Having looked at a few coast down calculators I am generally unsatisfied with them so I am going to create my own. I will make two versions: one that assumes a level surface, and the other that assumes a constant grade. Please feel free to sanity check me.

First, I'll derive the one for a level surface.

I'm going to start with the road load power formula, which I snagged a description of:

A*v + B*v^2 + C*v^3

The A component comes mostly from the rolling resistance of the tires, and friction in the car's components, like drag from the brake pads, or friction in the wheel bearings.

The B component also comes from friction in components, and from the rolling resistance in the tires. But it also comes from the power used by the various pumps in the car.

The C component comes mostly from things that affect aerodynamic drag like the frontal area, drag coefficient and density of the air.


Instantaneous power equals force times the velocity, or:

P(t) = F(t)*v(t)

-(A*v + B*v^2 + C*v^3) = F*v

-(A + B*v + C*v^2) = F

Since F=m*a, we get:

-(A + B*v + C*v^2) = m*a

a = -(A + B*v + C*v^2)/m

since a = dv/dt we get a differential equation, but the integrals involved are very messy so a numeric solution is easier (I'll spare you the differential equation formulas).
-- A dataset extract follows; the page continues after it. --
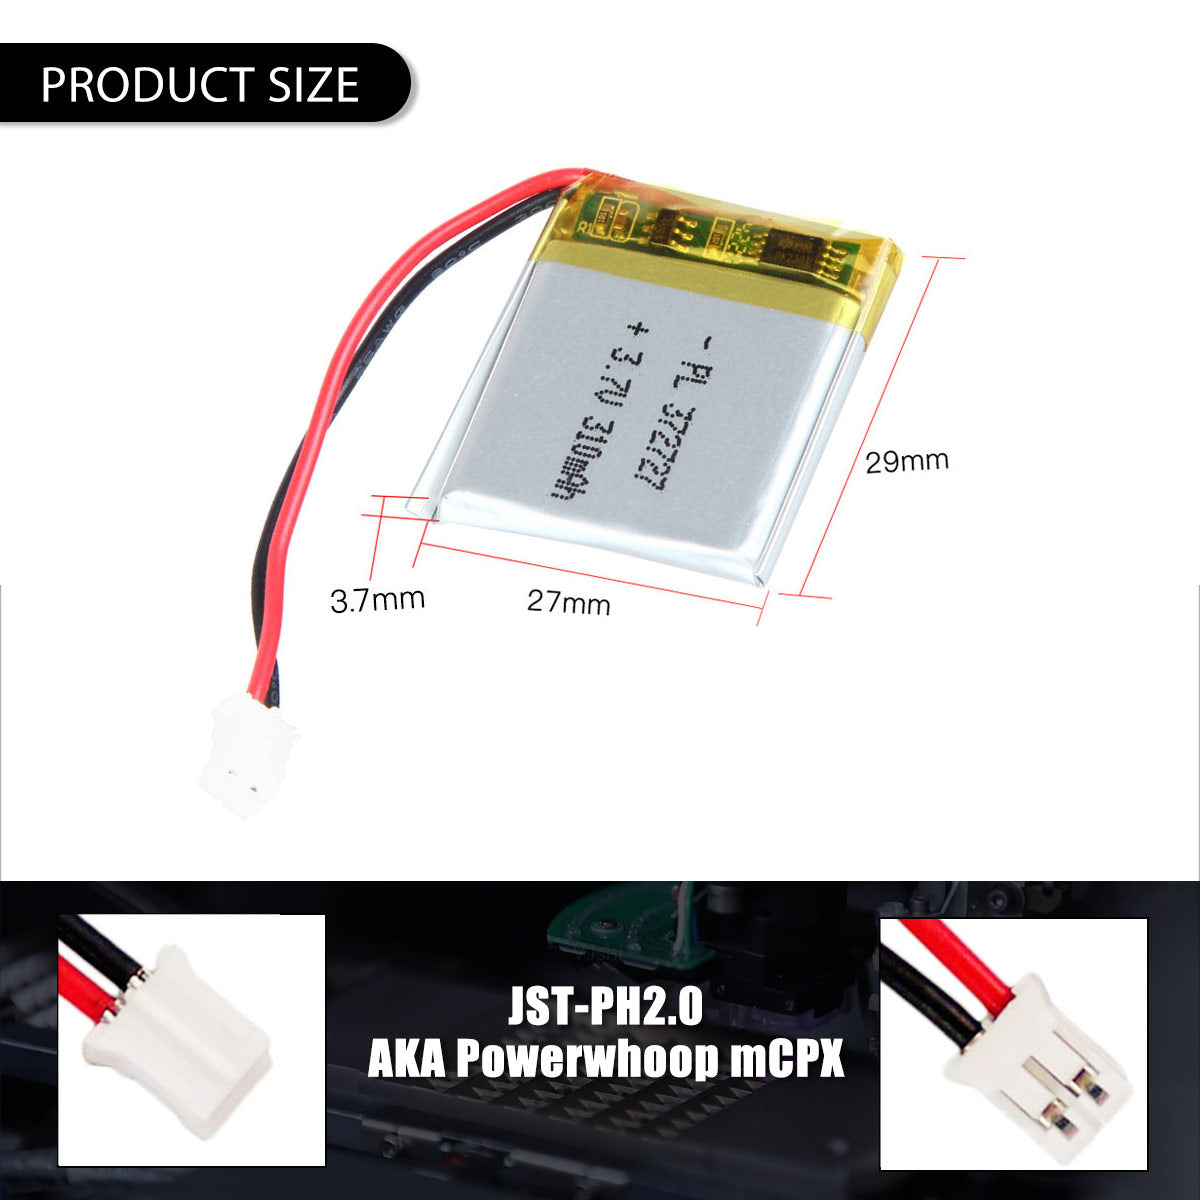 3.7V 310mAh 372727 Rechargeable Lithium Polymer Battery
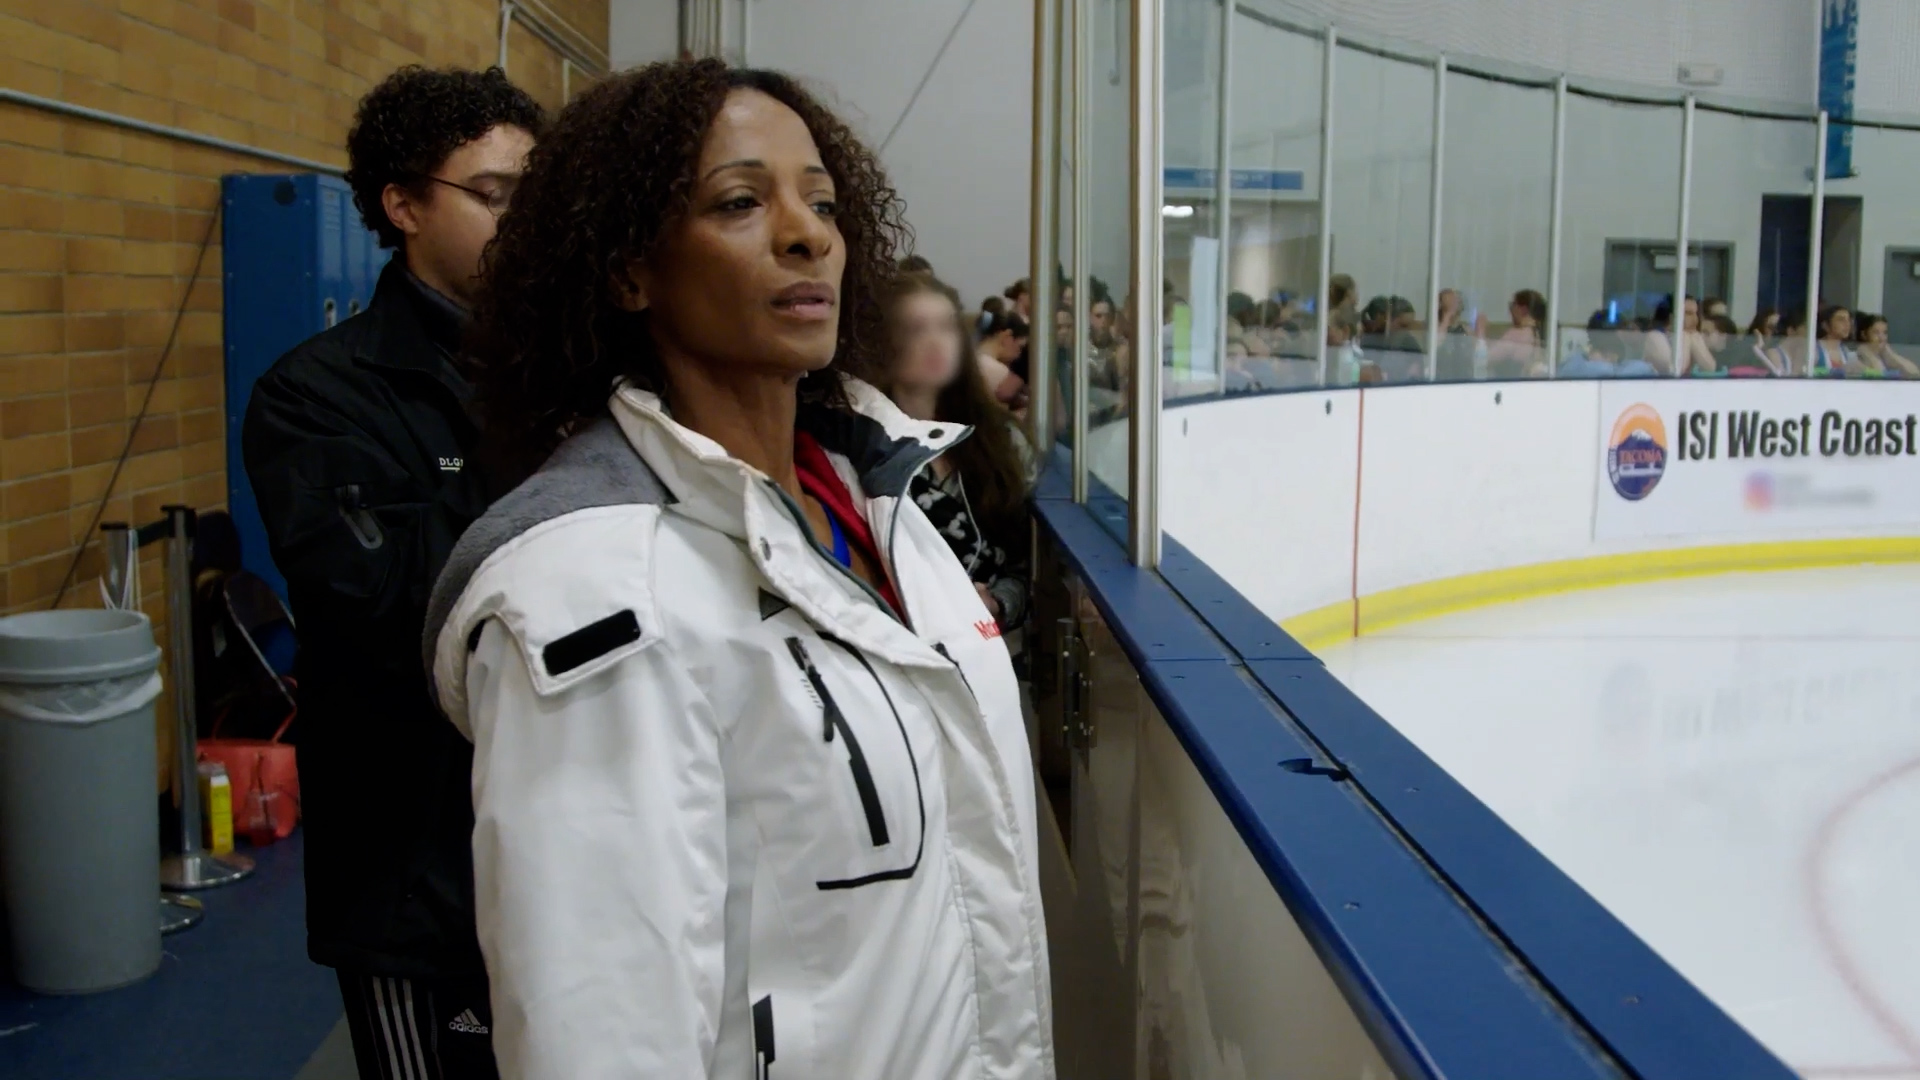 Watch Sneak Peek: "I Never Get a Thank You!" | Breaking the Ice Video Extras

Now I'll account for a constant grade.

Potential energy = m*g*h, where h is the height

Defining a constant s such that s*(distance traveled along the hill) = (vertical distance change), we can show the rate of PE change as:

m*g*s*v

Note that s is unitless, being distance / distance.

Now adding this to the road load power and reusing our previous reasoning:

-(A*v + B*v^2 + C*v^3) + m*g*s*v = F*v

-(A + B*v + C*v^2) + m*g*s = F

F = m*a

-(A + B*v + C*v^2) + m*g*s = m*a

a = -(A + B*v + C*v^2)/m + g*s

Since the hill's effect would be lumped in with the A parameter, we need to perform coast down runs both uphill and downhill on the same stretch. The difference can tell us what value s has.

Uphill:

a = -(A + B*v + C*v^2)/m - g*s

Downhill:

a = -(A + B*v + C*v^2)/m + g*s

Assuming nobody finds any errors in this derivation, I'll produce the formulas needed to numerically solve for A, B, C, and s. Once those are calculated, they can be used to estimate other desired parameters.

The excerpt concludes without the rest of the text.